Food Heals – “Hungry Town” by Tom Fitzmorris
In the case of New Orleans, food doesn’t hurt either.
Radio personality and food critic Tom Fitzmorris’ book “Hungry Town” is a sobering, heart-breaking, educational, and uplifting book about New Orleans as a mecca for great food, and how the restaurant scene that was nearly devastated by 2005’s Hurricane Katrina bounced back to life fueled by the understanding of the restaurateurs and patrons that food is a vital and important part of a city’s personality.
Fitzmorris, a noted writer, has long been a resident of New Orleans and is the go-to expert on the history of the city’s food and restaurant revolution. (If you’ve seen the post-Katrina “No Reservations” episode about the city, he’s the guy who has dinner at the empty restaurant with Anthony Bourdain, FYI.)
The book, part memoir and part history, begins by charting the rise of gourmet restaurants in New Orleans in the 80’s, as well as Fitzmorris’ career in food journalism and broadcasting, and introduces many of the characters that make this particular restaurant scene so special. (Yep, Emeril is discussed.) From there, he turns his attentions to Katrina and the devastating and horrifying effects that the massive hurricane left on the city. It’s sobering stuff, even years later. As a foodie, it’s particularly heartbreaking to read about the millions of dollars of wine that was destroyed in wine cellars during the flood.

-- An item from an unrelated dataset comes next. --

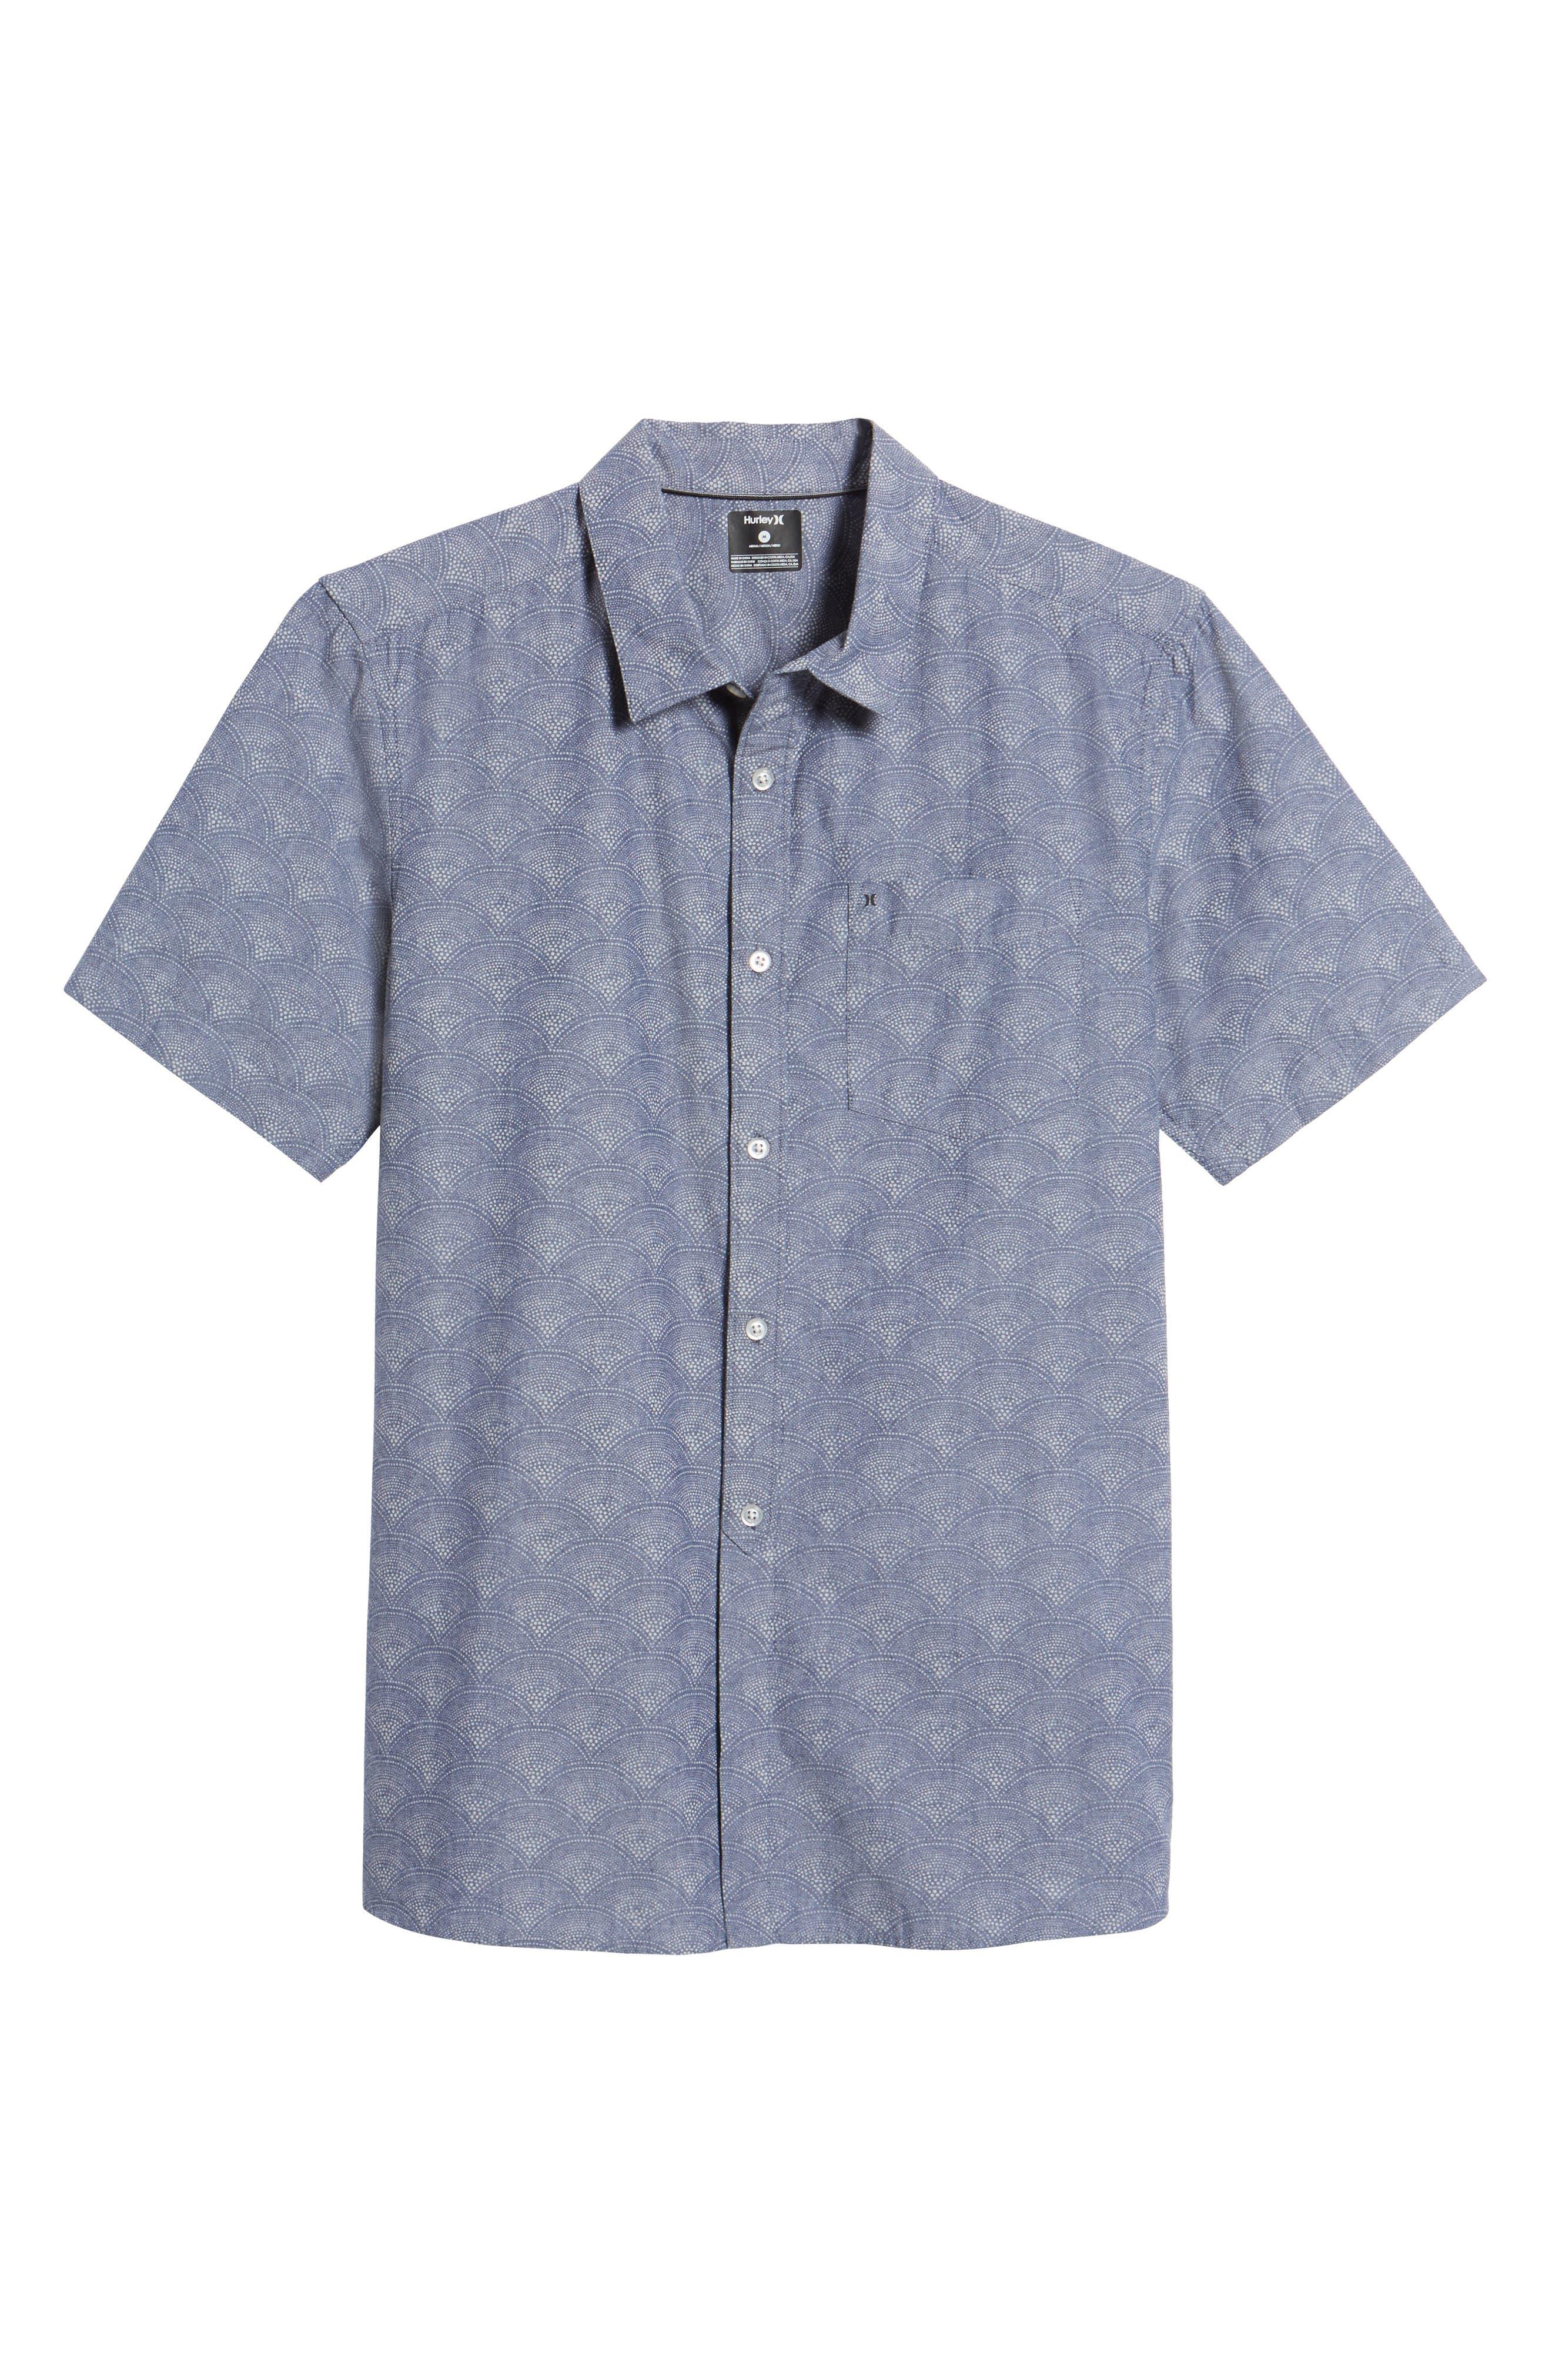 Pescado Short Sleeve Oxford Shirt,                             Alternate thumbnail 6, color,                             Obsidian

However, New Orleans is a survivor. Fitzmorris began a list of restaurants that were re-opening in the wake of Katrina, and as the numbers rise the stories grow more touching. For example, a restaurant called Drago’s re-opened days after the hurricane, with a policy of giving food to anyone who came in – and wound up giving away “77,000 free meals.”
In addition to being a wonderful foodie memoir of life in New Orleans, Fitzmorris also includes a bunch of delicious-sounding recipes from the city’s heart. All of them sound delicious, and make me want to go all “Julie & Julia” on the book. Root Beer Glazed Ham? Red Beans and Rice? Seared Scallops with Artichokes? Cafe au Lait made with coffee and chickory? Yes, please.
Foodies, history buffs, and travelers will find this book particularly interesting. However, I think it’s a book that defies genres. It’s rather lovely, a portrait of a city of grandeur collapsing and rebuilding.
The city, to this day, has a long way to go. But, in the words of it’s mayor at the time of the Hurricane – “One Day at a Time.”